E poi c’è Katelbach, il capobastone a cui Richard telefona affinché venga a prenderli. Evocato ma assente, Katelbach è il Godot di questo scherzaccio da prete, non a caso il titolo tedesco del film è Wenn Katelbach kommt… (‘quando arriva Katelbach’) e per completismo va detto che Katelbach è anche il cognome dell’attore che recita con Polanski ne Le gros et le maigre (1961). Cul de sac rappresenta l’ultima occasione in cui il regista polacco riesce a trasferire sullo schermo lo spirito libero e selvaggio dei suoi cortometraggi di esordio, prima di sottostare, volente o nolente, a logiche industriali di vario genere.

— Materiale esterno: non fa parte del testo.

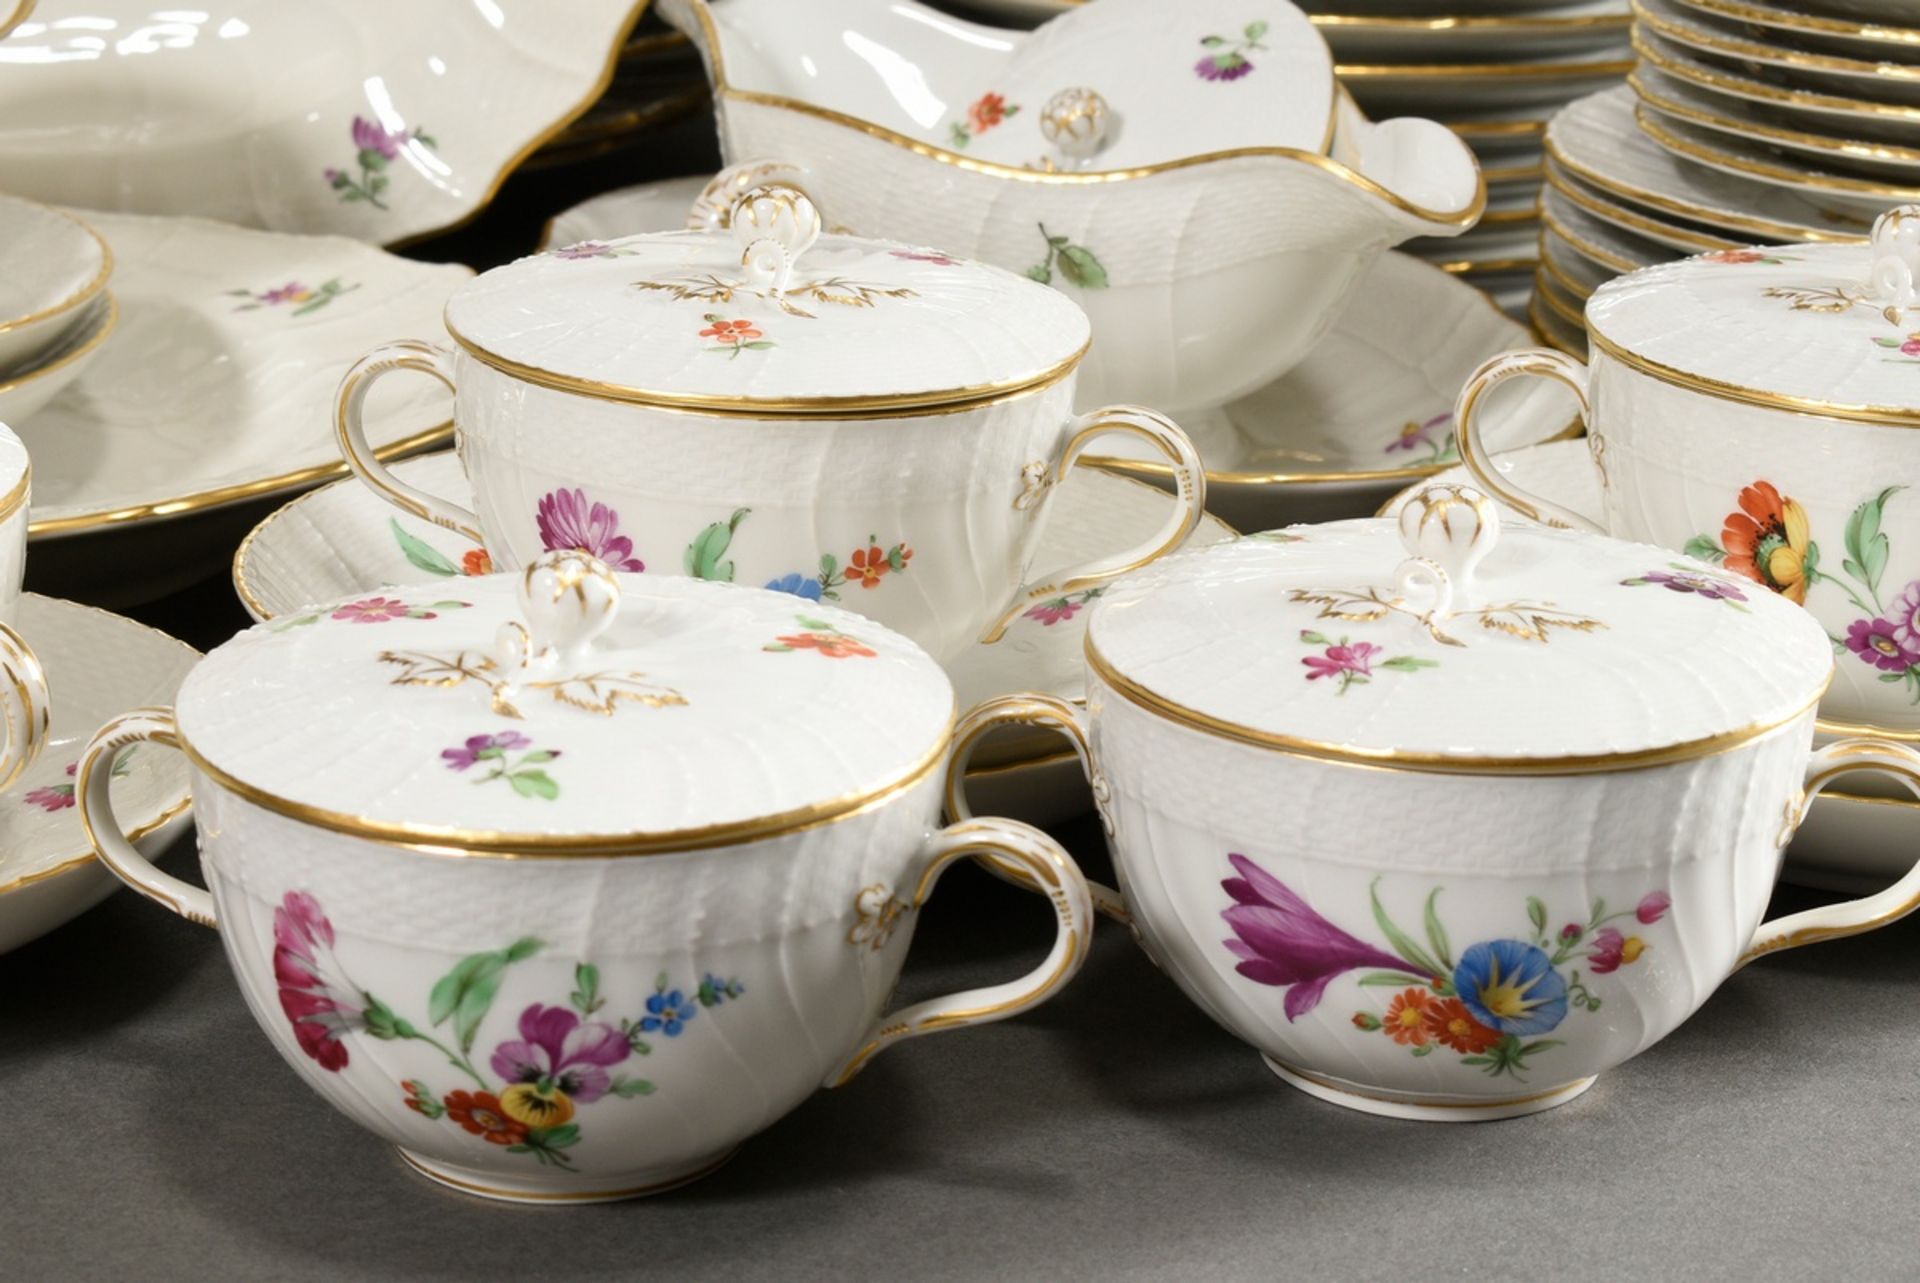 114 pieces KPM dinner service "Neuosier" with polychrome painting "flowers and insects" consisting  - Image 4 of 14

Il tutto senza appesantire affatto la narrazione, o renderla incomprensibile. Lo dimostrano non solo l’incredibile piano sequenza di otto minuti ambientato sulla spiaggia, con tre personaggi e persino il passaggio di un aereo (previsto dalla sceneggiatura), ma anche le scene esilaranti che vedono l’arrivo dei borghesissimi “ospiti”, con il gangster sequestratore trattato come un maggiordomo dalla vendicativa Teresa. Circo volante puro… con tre anni buoni di anticipo rispetto alla nascita dei Monty Python. Questo bel gingillo nero come la pece e grasso come la risata di Lionel Stander si aggiudicò l’Orso d’oro a Berlino nel 1966, battendo Masculin feminin di Godard e Divieto di caccia alle volpi di Peter Schamoni (il film simbolo del Nuovo Cinema Tedesco insieme a La ragazza senza storia di Kluge), e al pari del castello di Lindisfarne è rimasto perfettamente intatto, graffiante e sornione come la sera della prima. L’edizione in dvd a marchio Pulp video, zona 2, rispetta tutti gli standard audio e video e per quanto riguarda gli extra concede il minimo sindacale. Da non perdere il trailer in inglese.